How to complete this task ▸ For this exercise, repeat the whole listing below exactly. Leave the pictures out.

Source data ▸
####

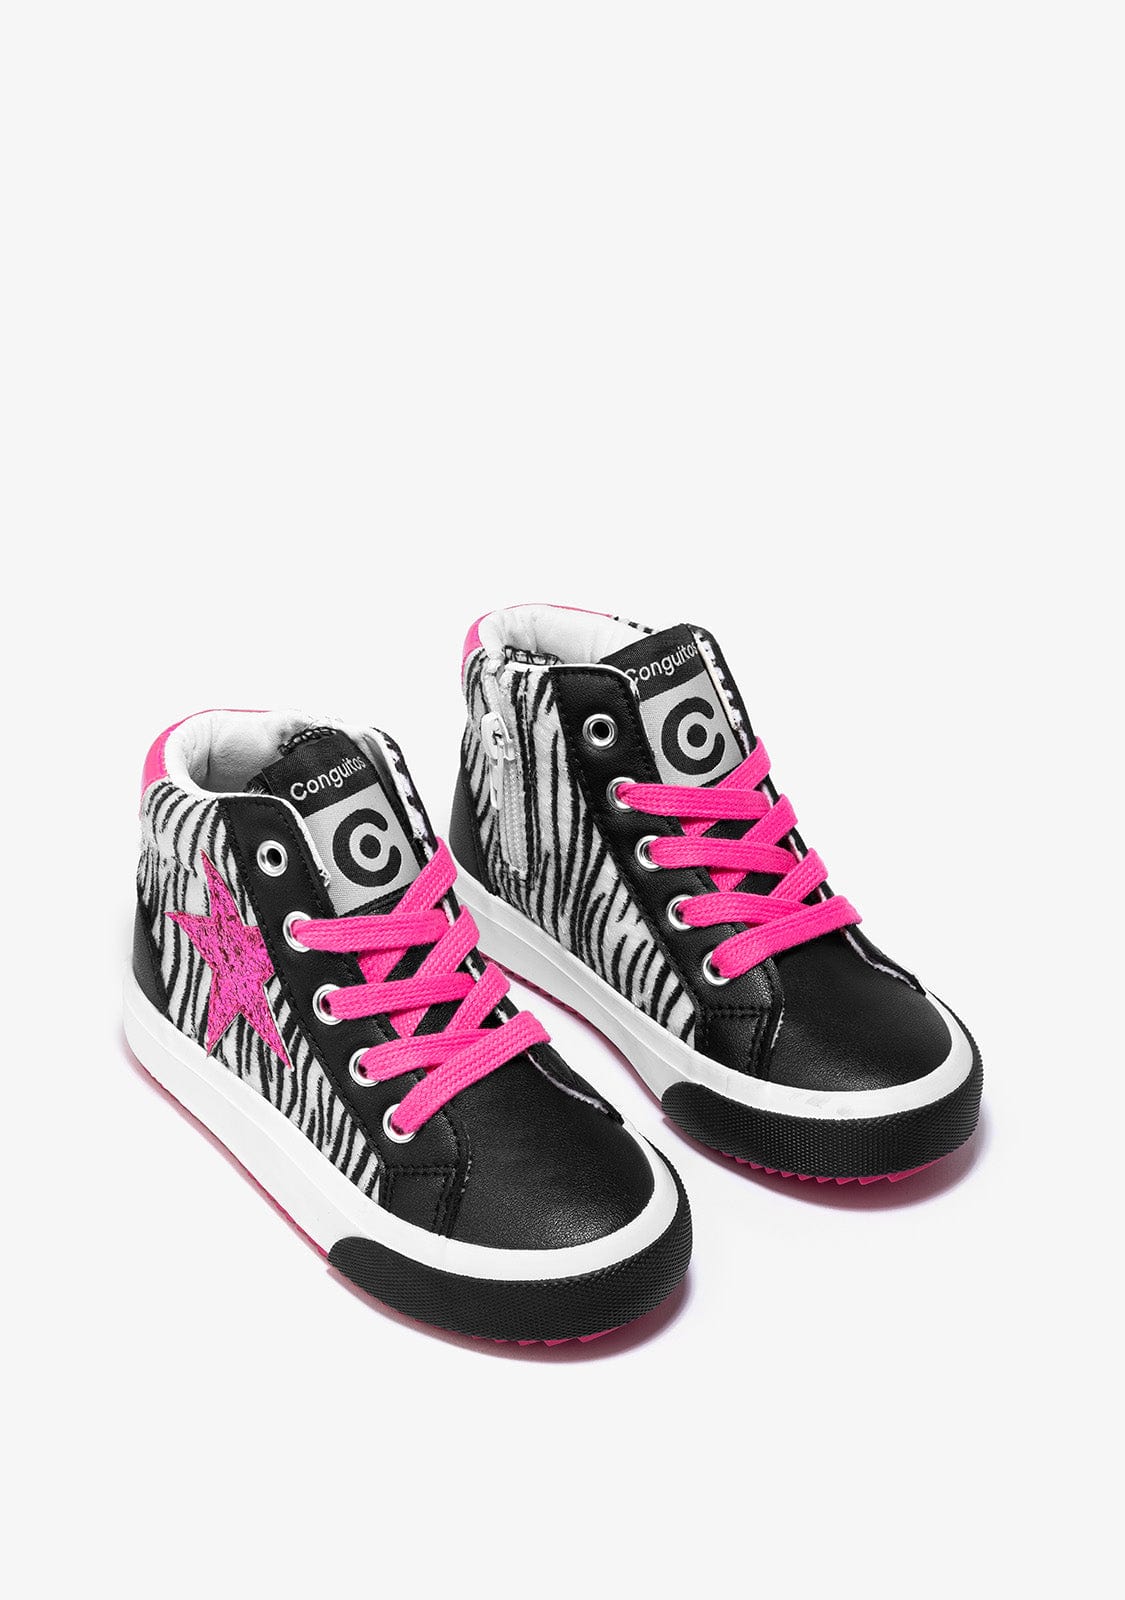 CONGUITOS Shoes Girl's Black Star Hi-Top Sneakers
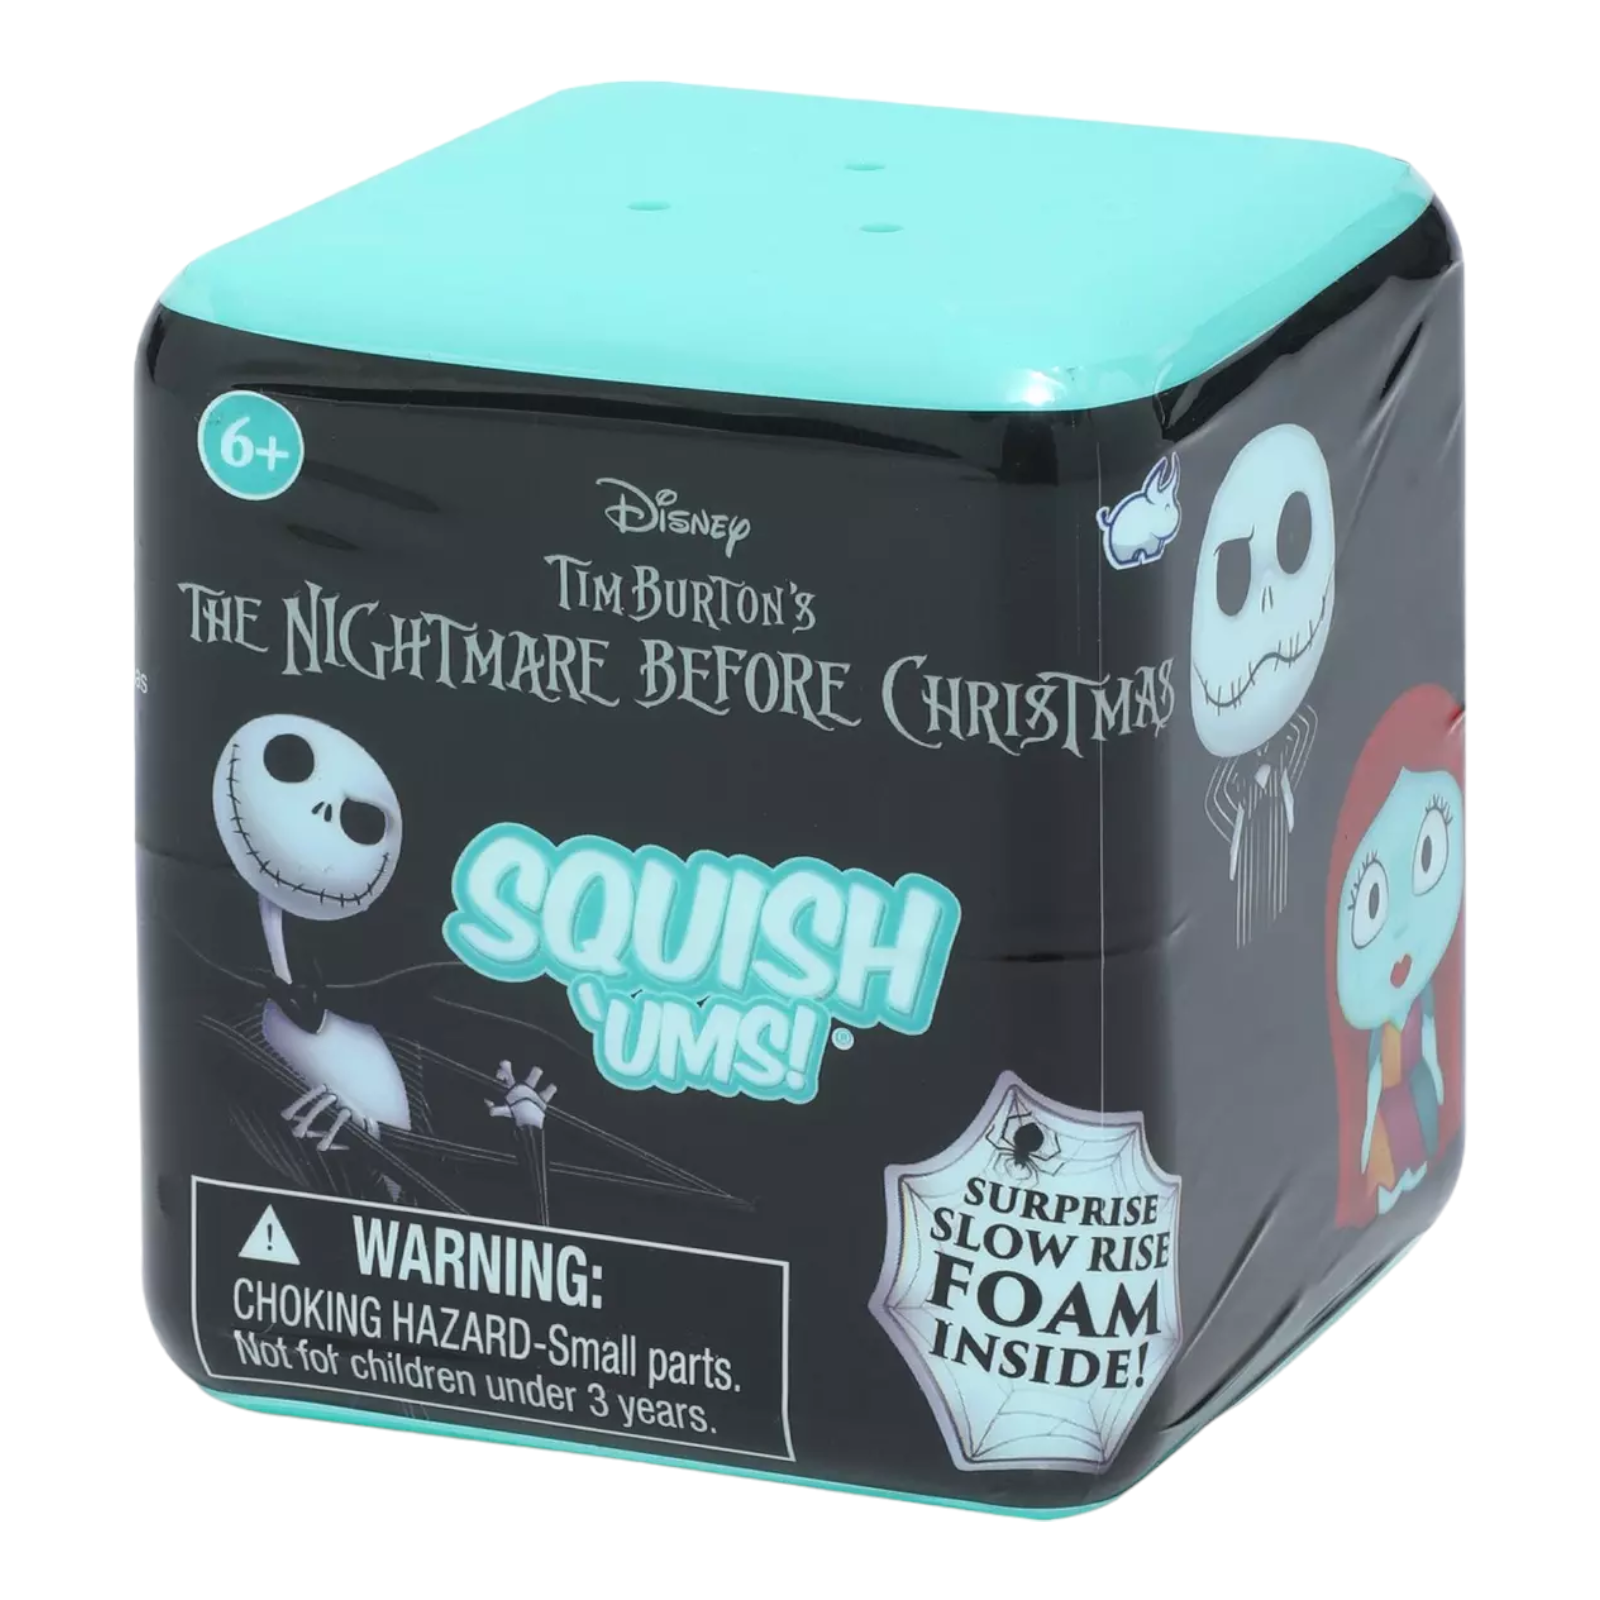 Squish 'Ums! The Nightmare Before Christmas Character Blind Box Figure
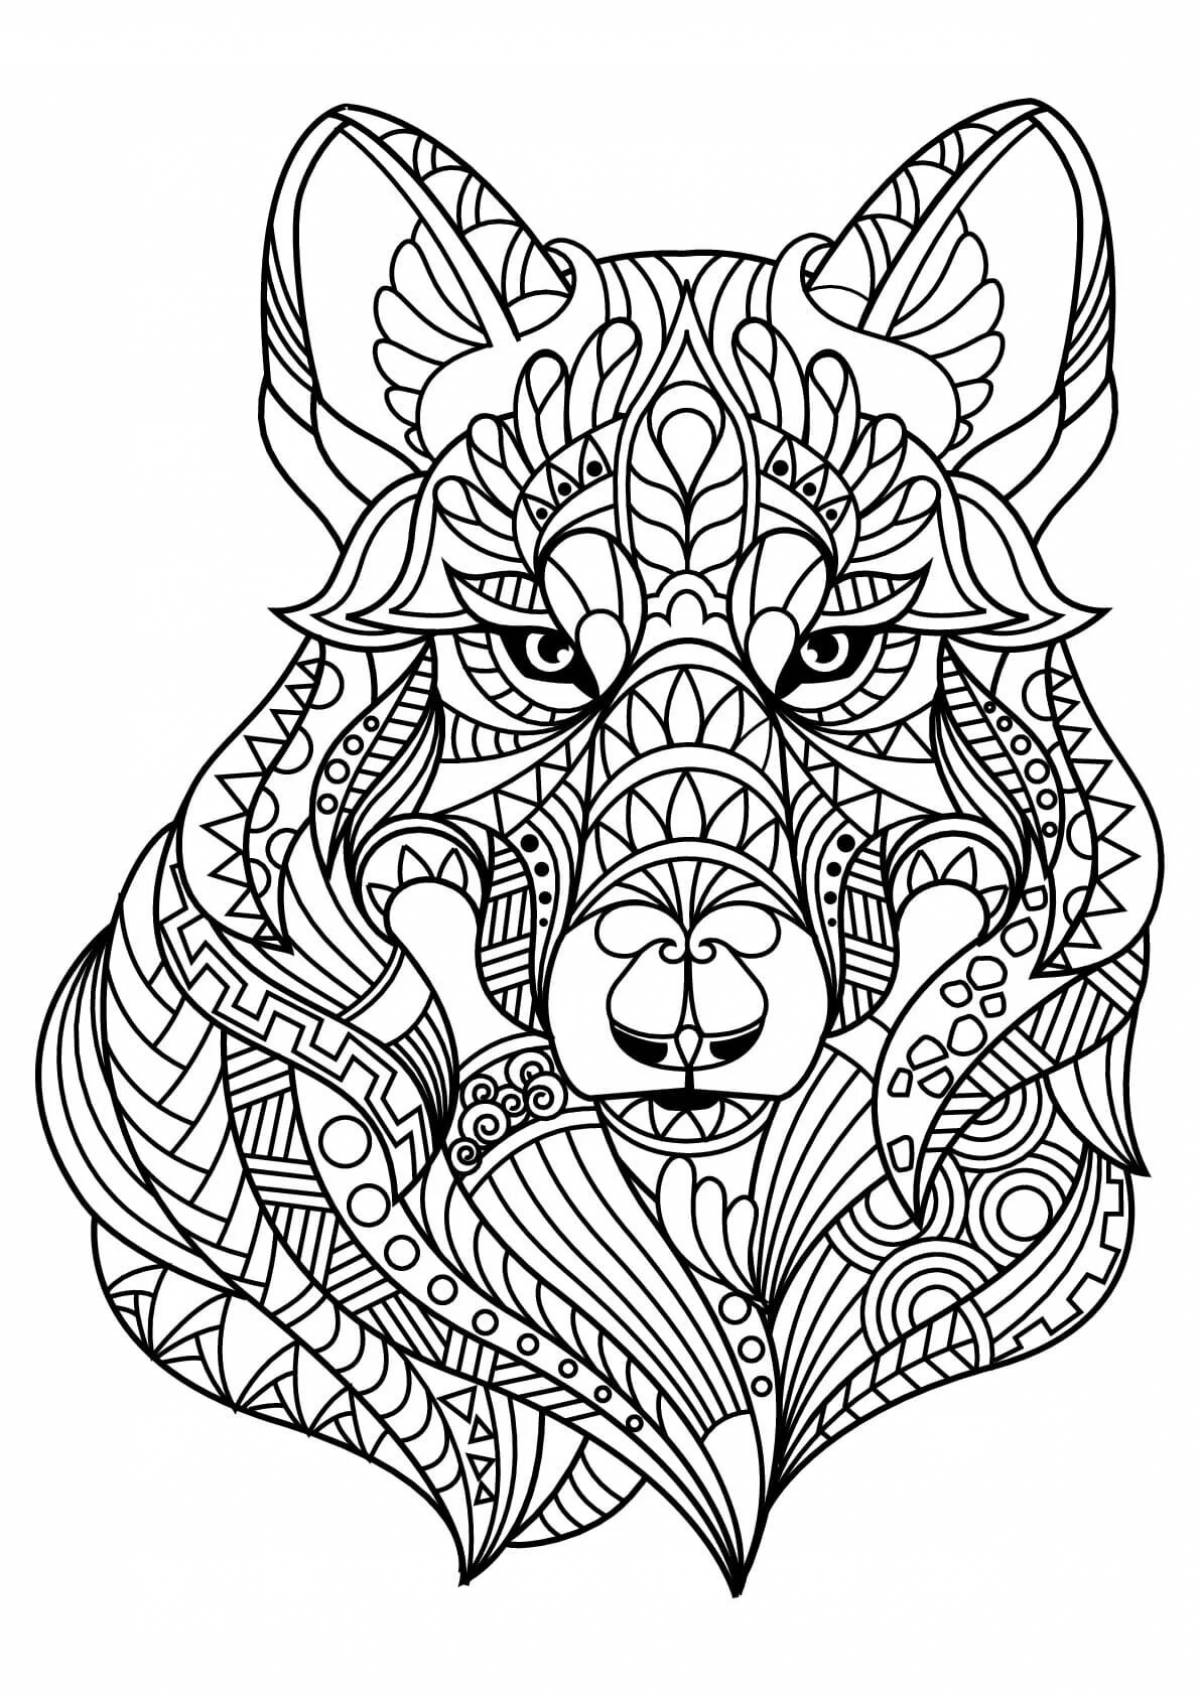 Anti-stress coloring book for adults

####

The answer ▸
 CONGUITOS Shoes Girl's Black Star Hi-Top Sneakers
 Squish 'Ums! The Nightmare Before Christmas Character Blind Box Figure
 Anti-stress coloring book for adults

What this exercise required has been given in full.